The answer consists solely of the lines running from the one with "Light Rayon Short-Sleeved Shirt in Black" through the final line below, transcribed exactly and without any pictures.

§ STORED DATA:
━━━━
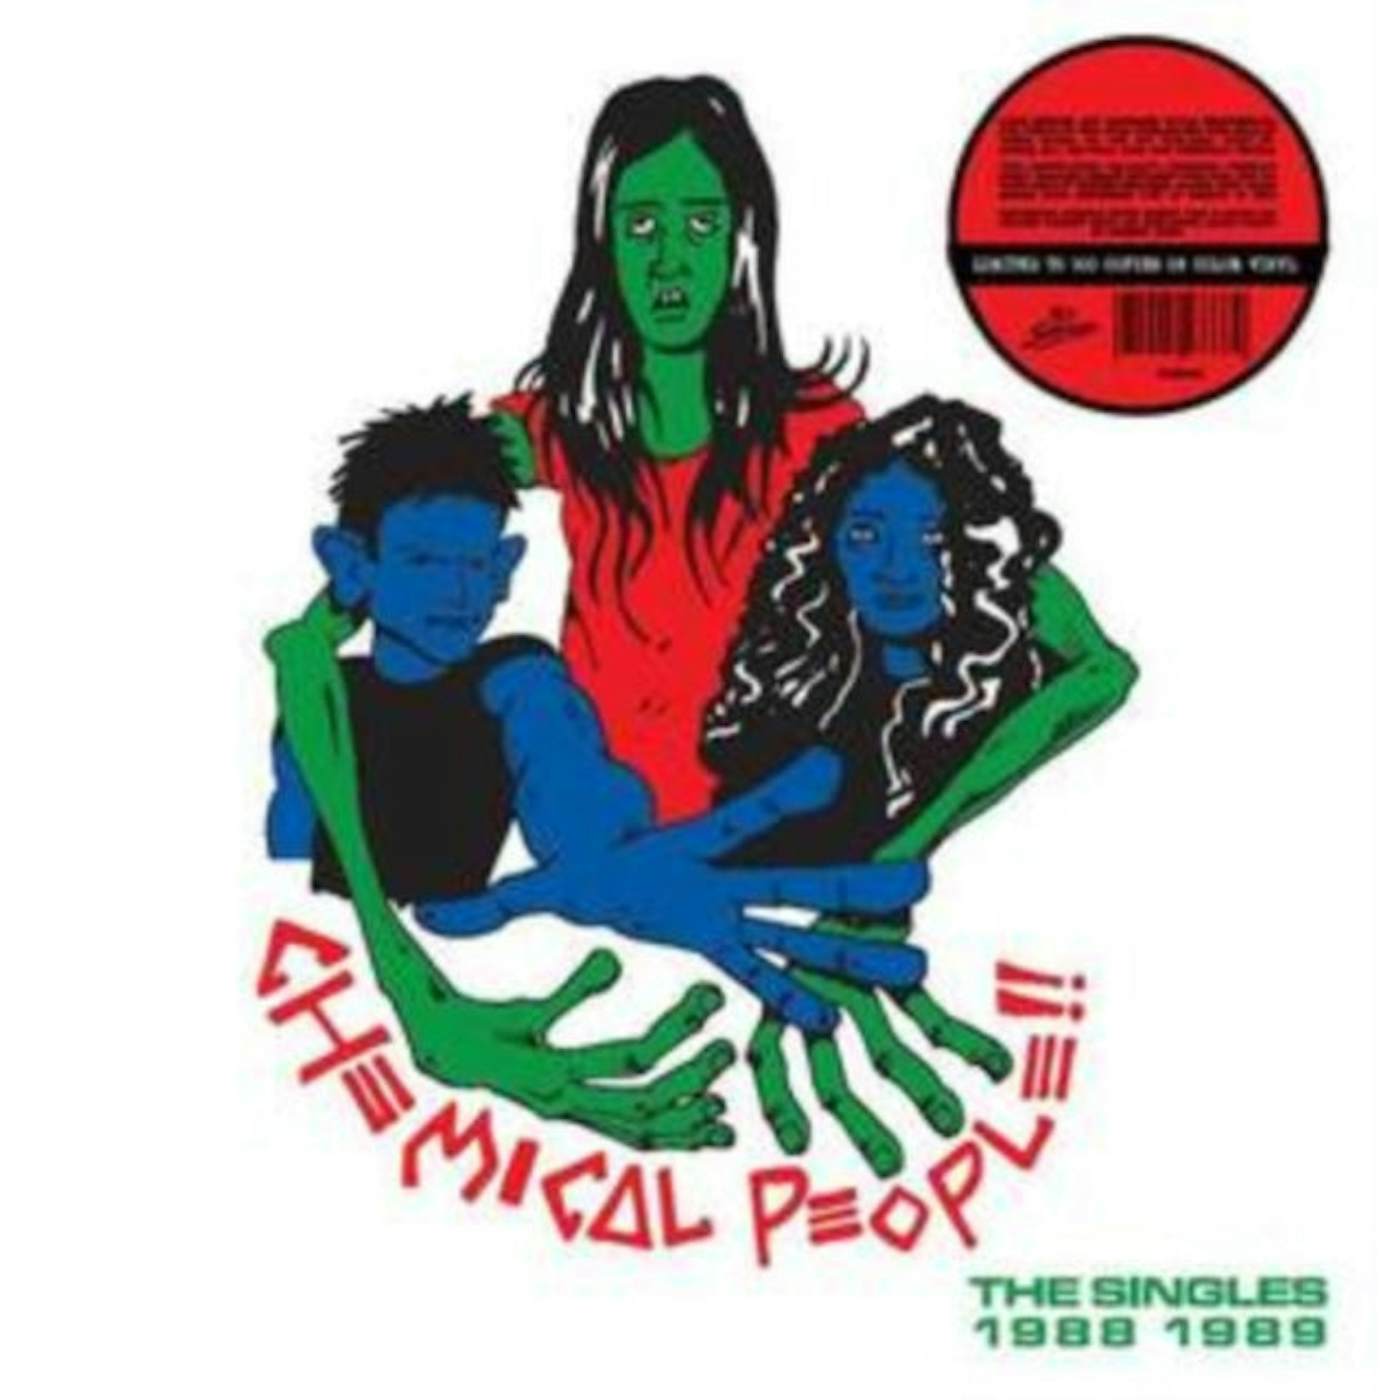 Chemical People LP Vinyl Record - The Singles 19 88-19 89 (Green Vinyl)
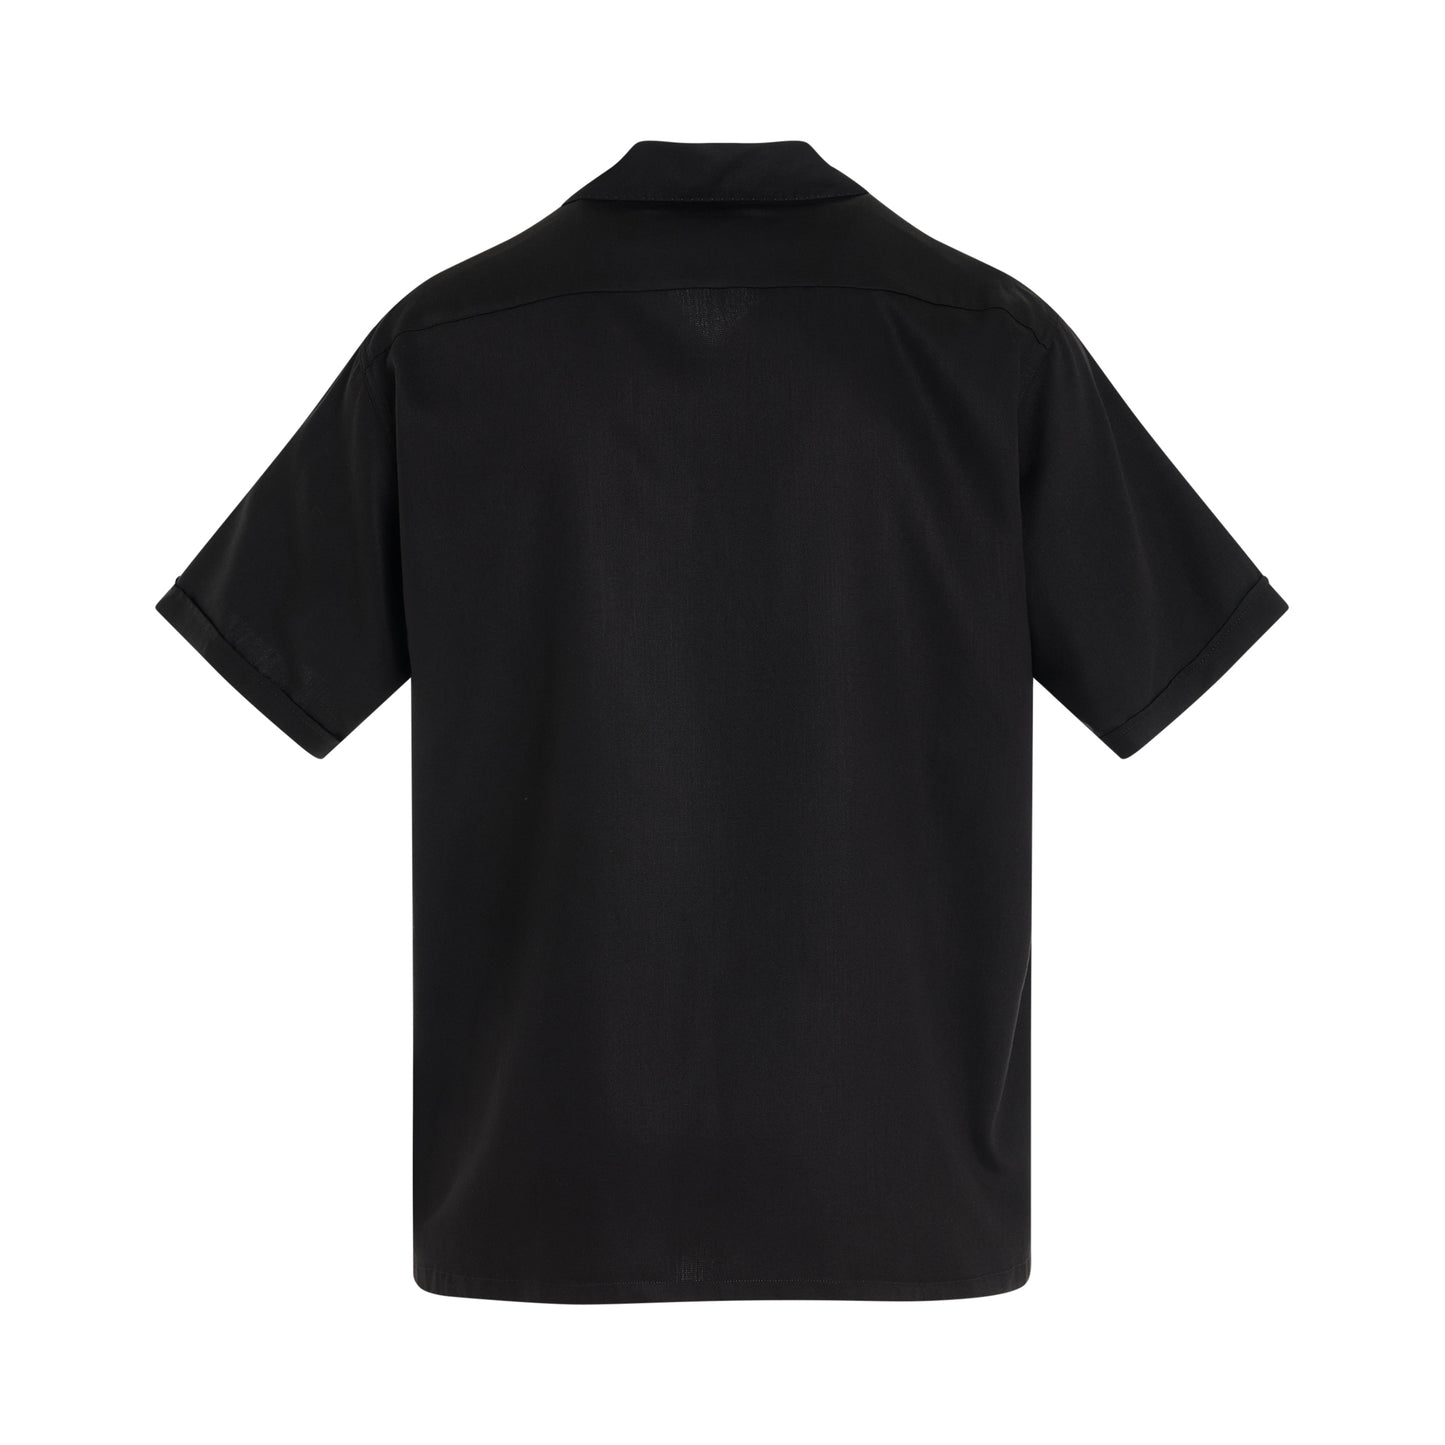 Light Rayon Short-Sleeved Shirt in Black
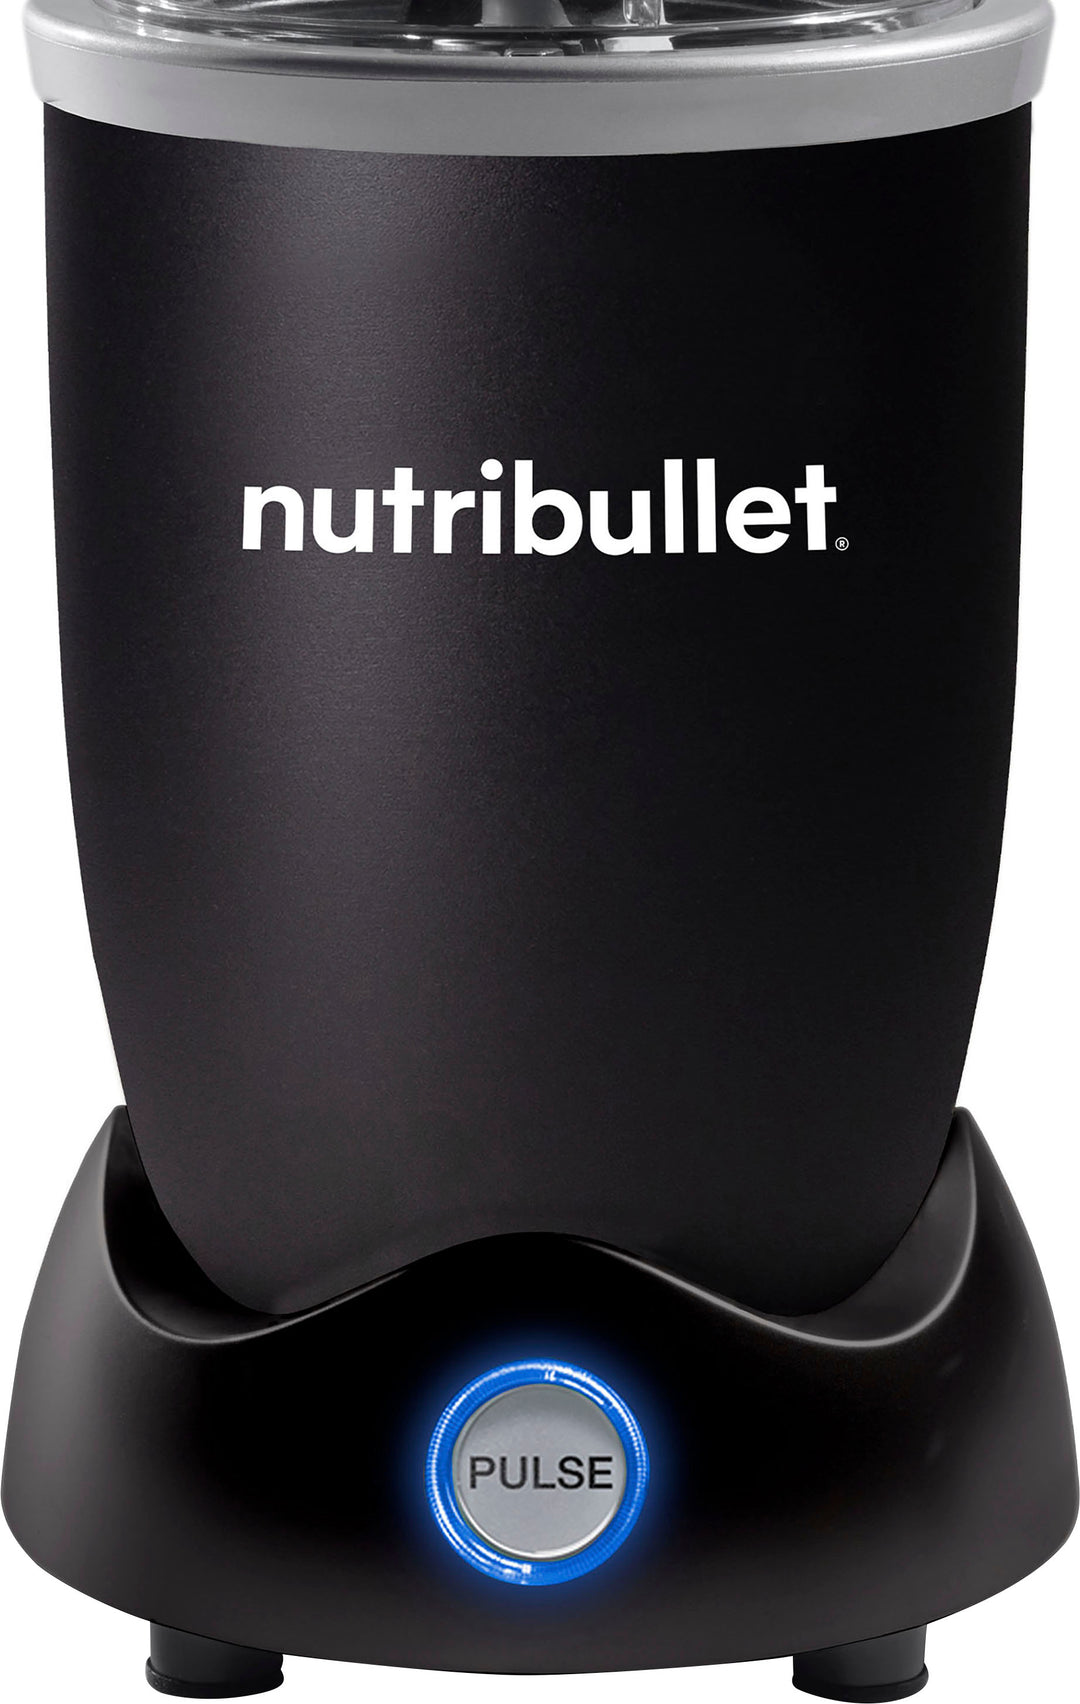 nutribullet Pro+ 1200 Watt Personal Blender with Pulse Function N12-1001 - Matte Black_6
━━━━
§ SOLUTION TO THIS PROBLEM:
 Light Rayon Short-Sleeved Shirt in Black
 nutribullet Pro+ 1200 Watt Personal Blender with Pulse Function N12-1001 - Matte Black_6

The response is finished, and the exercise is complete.